Experimental Results and Quantitative Analysis
Extensive experiments are conducted on 100 long-form egocentric videos (EPIC-KITCHENS and HD-EPIC), leveraging ground-truth annotations solely for evaluation. Major findings include:
Naive and heuristic scheduling baselines (half-half split, HEFT) lead to unacceptable rates of collision and constraint violations, demonstrating the ill-posedness of simple temporal division. Open-weight VLMs (Qwen2.5-VL-72B) are unable to solve the problem reliably and fail on a significant subset of inputs.
Qualitative and Analytical Insights
Qualitative results reveal interpretable parallel task allocations: typically, one agent is assigned stationary tasks in spatial hotspots (e.g., cooking), while others traverse to perform preparatory, cleaning, or fetching activities. Analysis shows one agent often handles a majority of cooking or cleaning, and walking distance tends to concentrate on mobile roles—indicative of emergent collaborative behavior learned via prompt structure.
Figure 3: Qualitative task splits for N=2/N=3 agents; distinct roles and division of labor emerge naturally.
Figure 4: Analysis of agent cooking time, prep-step role assignment, and walking distance splits, highlighting emergent collaborative behaviors.
Implications and Theoretical/Practical Significance
The formulated N-Body Problem pushes video understanding from passive temporal segmentation toward generative simulation of plausible multi-agent collaboration, grounded in explicit physical and logical constraints. The findings quantitatively demonstrate that advanced VLMs—when carefully prompted—can synthesize feasible parallel execution plans from single-user demonstrations, opening new horizons for generalizing from human activity traces.

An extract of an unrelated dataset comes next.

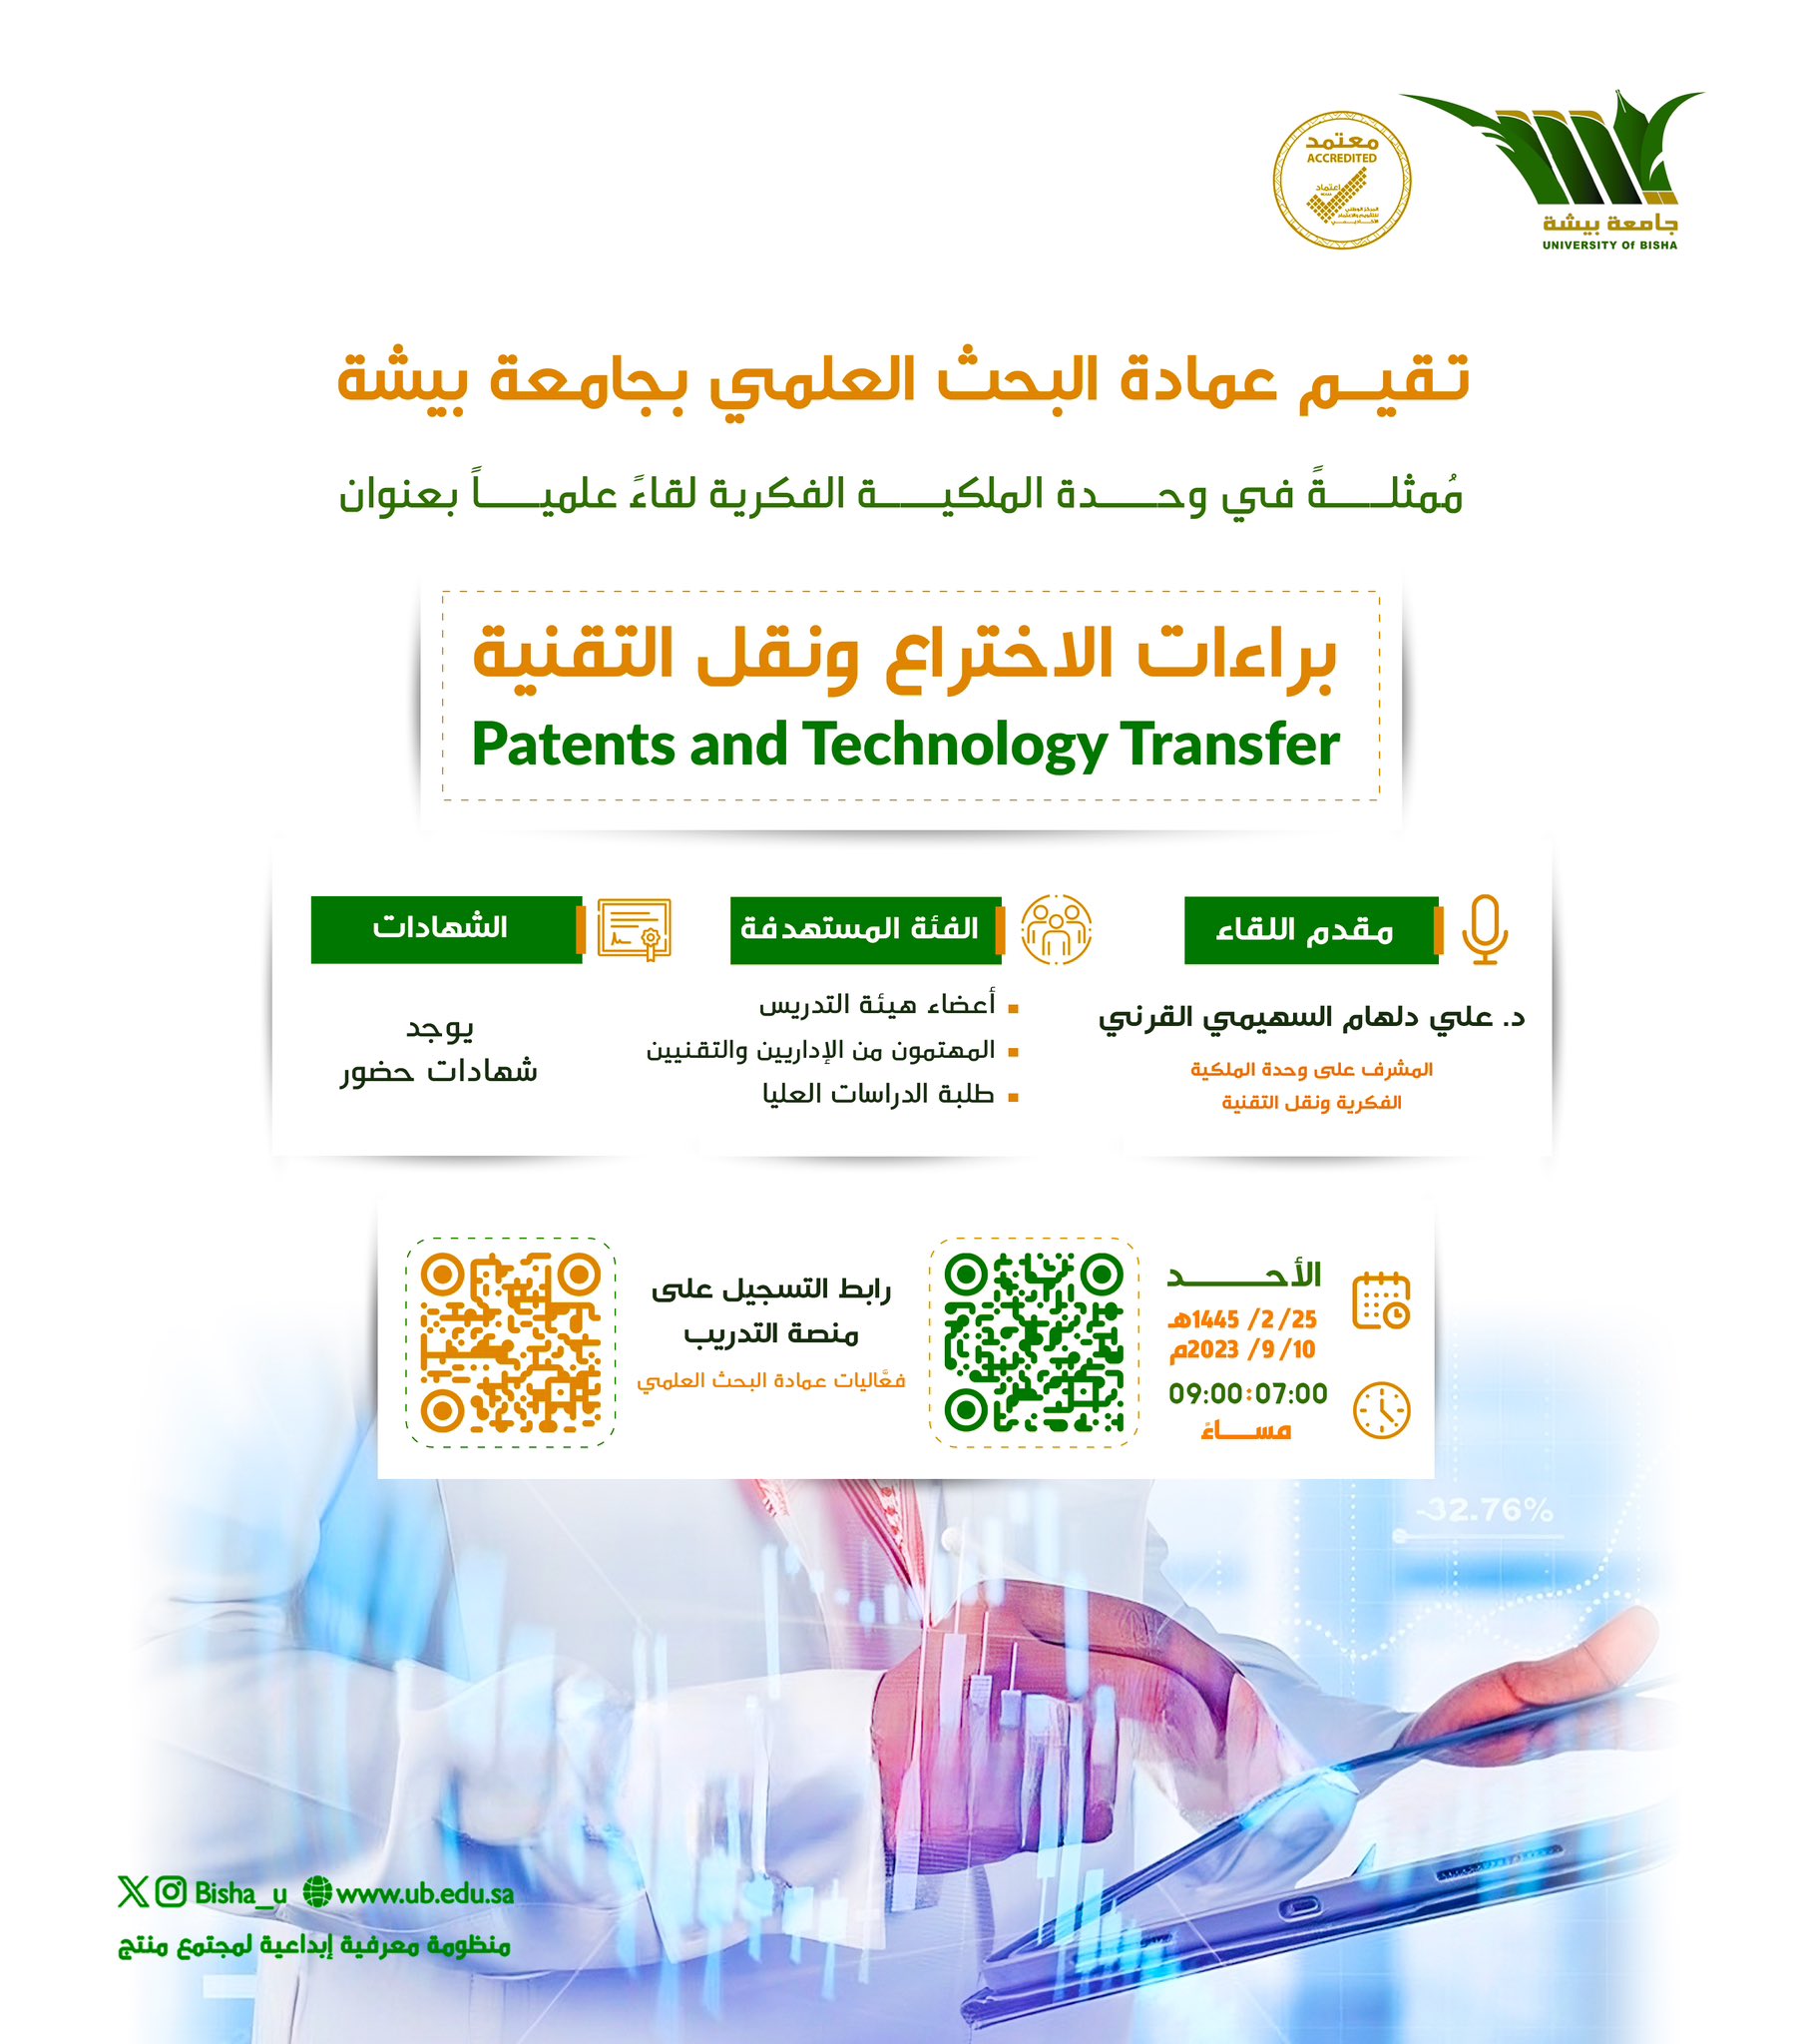 Deanship of Scientific Research organizes a Scientific Meeting entitled: Patents and Technology Transfer

Practically, this enables rapid prototyping for collaborative robotics, digital twins, and task planning agents in environments where annotated multi-agent data is scarce. The methodology is extensible to other structured environments (factory, healthcare, smart home) and robust to long-term, unscripted activities. Theoretically, the work suggests that prompt engineering, not just model training, is a critical bottleneck for unlocking spatial-temporal reasoning capabilities in multimodal foundation models.
Limitations and Future Directions
While the approach yields strong empirical improvements, some challenges remain: precise temporal alignment in multi-agent cooking (e.g., waiting for food), discovery of implicit procedural dependencies, robustness to higher values of N, and intrinsic spatial reasoning in VLMs without spatial prompts. Future research could focus on integrating explicit action graphs, unsupervised discovery of causal structure, or architectural enhancements that directly model agent-object-environment interactions without textual scaffolding. Evaluation techniques for real multi-agent execution (e.g., robotic agents) will be necessary for translation to embodied AI applications.
Figure 5: Speed-up versus collision rate trade-off visualized over diverse methods and spatial prompt variants.
Conclusion
This paper delivers a rigorous framework and empirical validation for the N-Body Problem, showing that with appropriate prompting, current VLMs can infer feasible, efficient multi-agent parallel executions from single-person egocentric video. The combination of new evaluation metrics, constraint-driven prompt engineering, and multi-modal reasoning sets a robust foundation for future research in agentic AI, collaborative planning, and human-centric video understanding (2512.11393).